Cinar was known for Caillou, which aired from 1997 to 2010 and then in the United States on PBS from 2000 to 2021. Although Caillou initially received positive reviews during its original run, it has drawn heavy viewer criticism since its cancellation, notably for the title character's negative behavior starting in the first and second seasons which resulted in four episodes of the show being banned by PBS Kids.

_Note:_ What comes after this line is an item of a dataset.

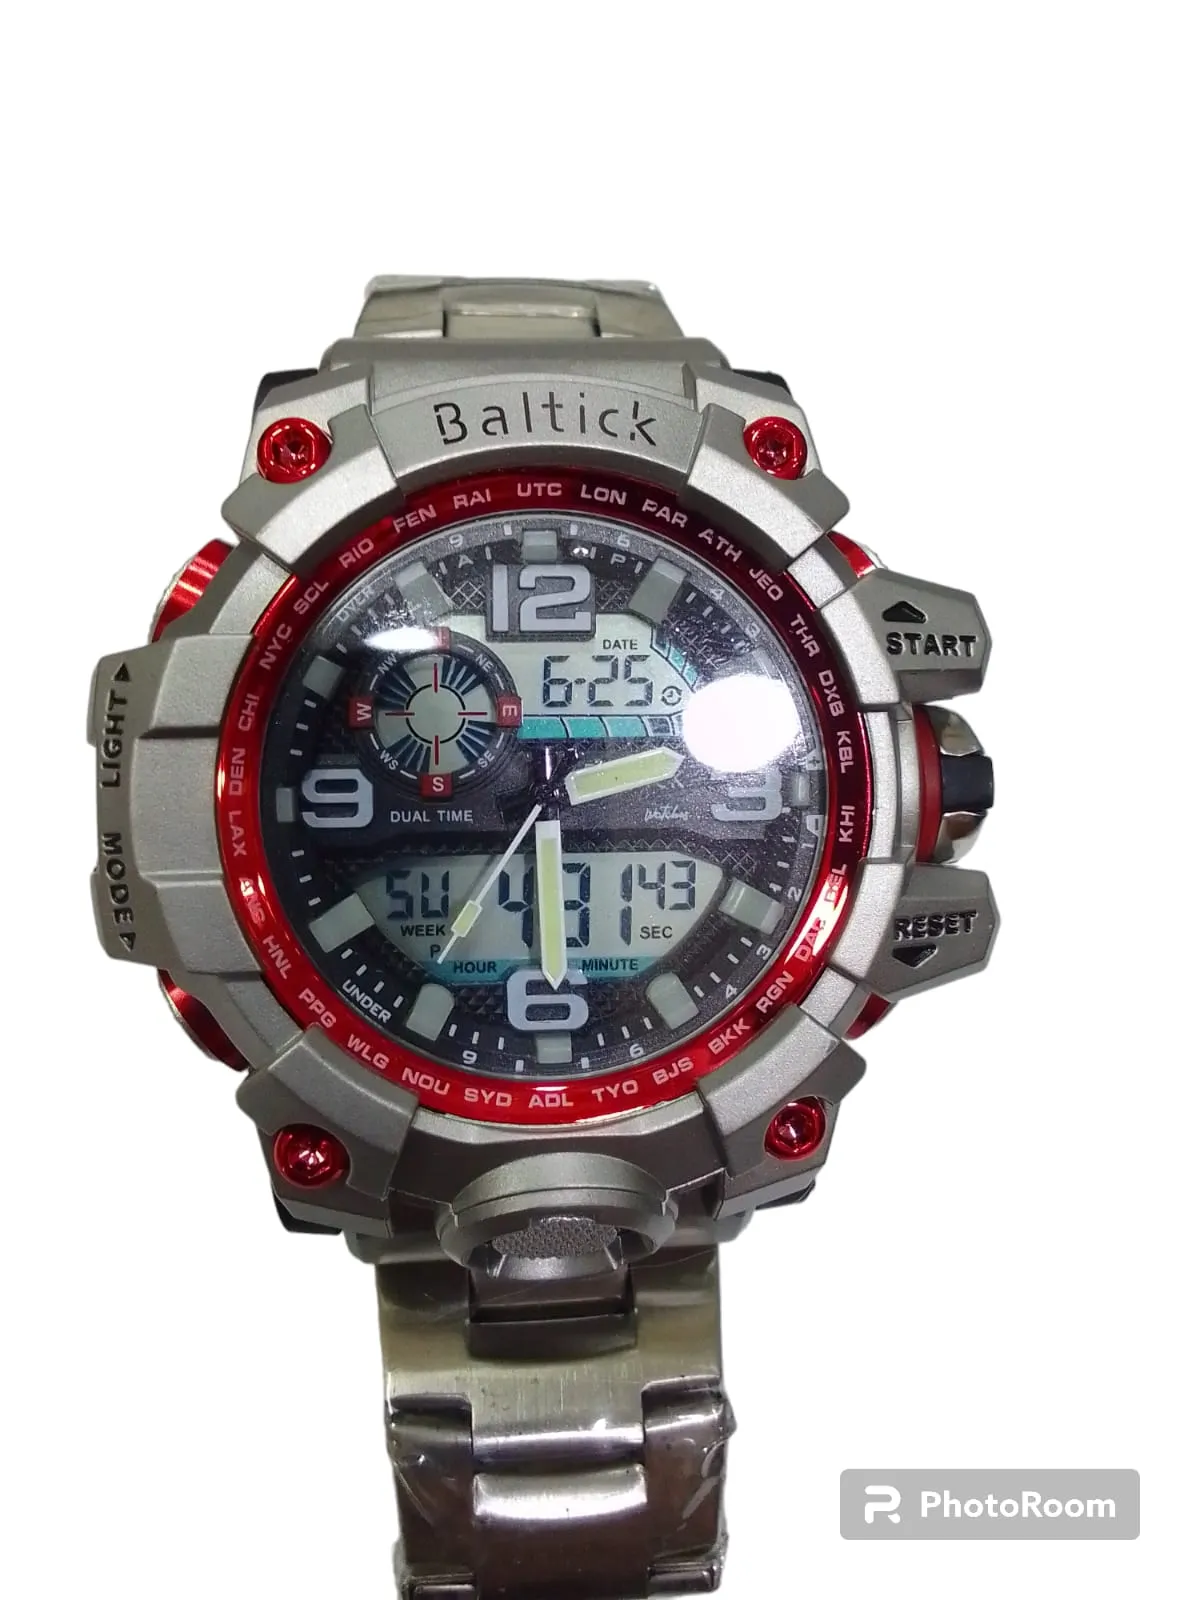 Reloj Baltick Caballero Plateado y Rojo Metalico 
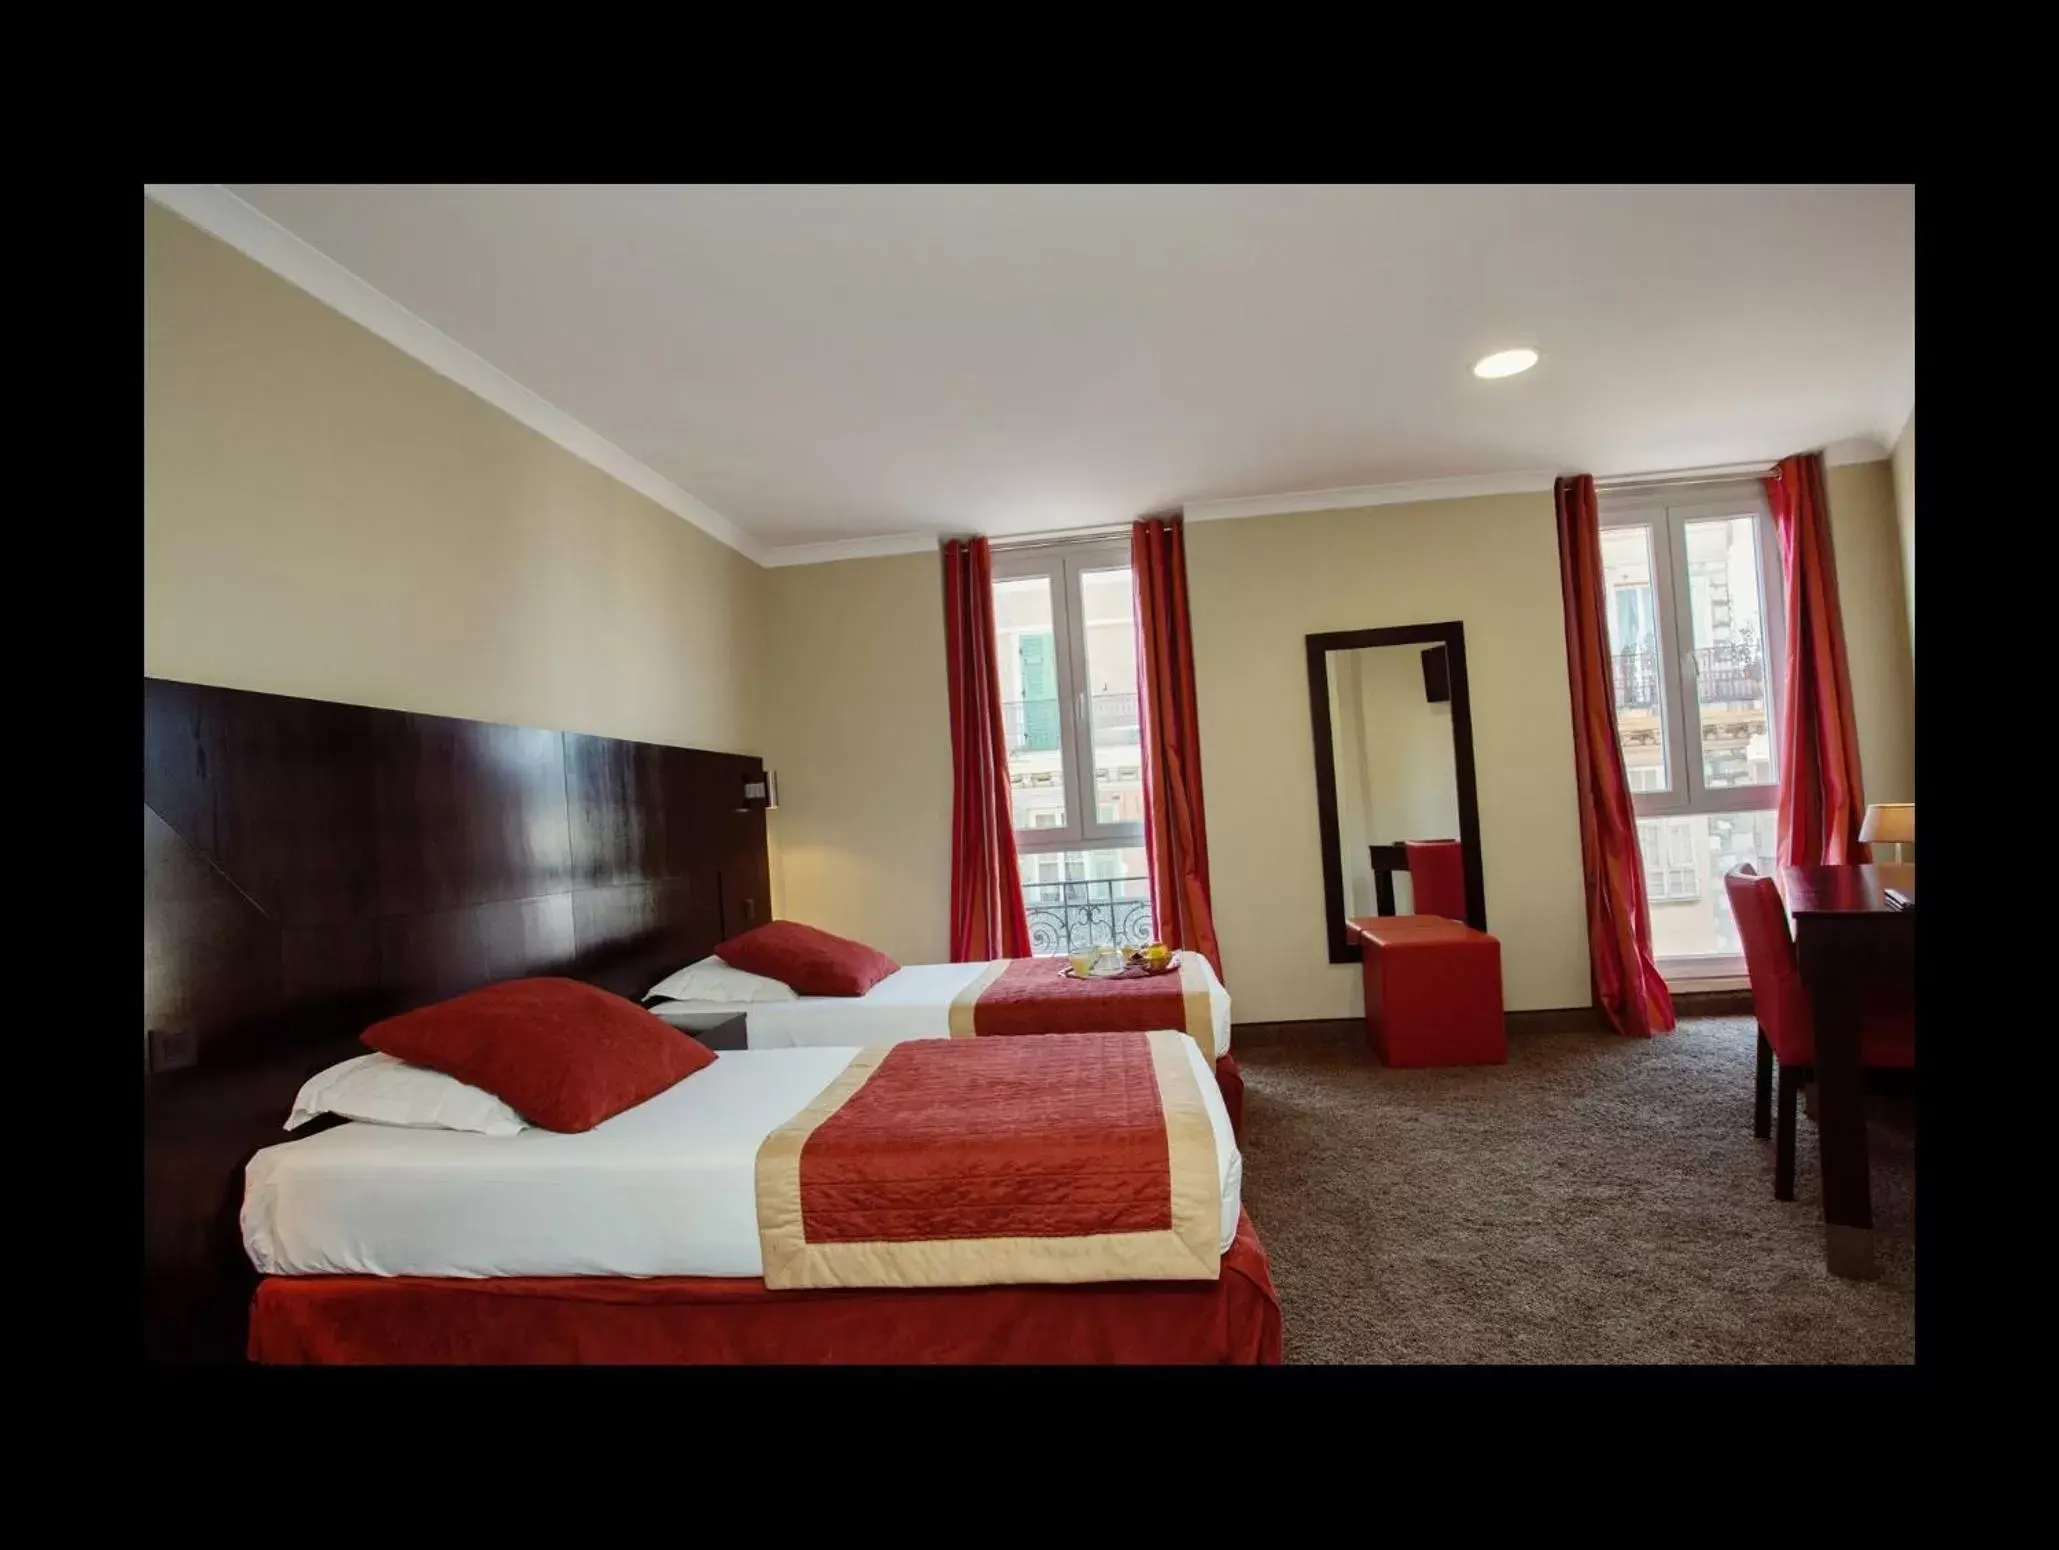 Bedroom in Hotel De Suède

The demand for animators during this time (and also during the slow period of the 1980s) caused a global search for excellent and skilled animators causing many talented Canadians to wander the globe to fill the demand. Many Canadians can be found worldwide in prominent positions in animation companies throughout the world. From Richard Williams directing animation on the Oscar-winning Who Framed Roger Rabbit in the late 1980s in Britain (while also working on his unfinished film The Thief and the Cobbler there as well) to others directing creating and supervising animation in television and commercial studios around the world including many prominent video games such as Halo 2, Rayman and Star Wars: Knights of the Old Republic. Canadians John Kricfalusi and Lynne Naylor were among the founders of the studio Spümcø, creating series such Ren and Stimpy and The Ripping Friends for television, and Weekend Pussy Hunt and The Goddamn George Liquor Program for the emerging web.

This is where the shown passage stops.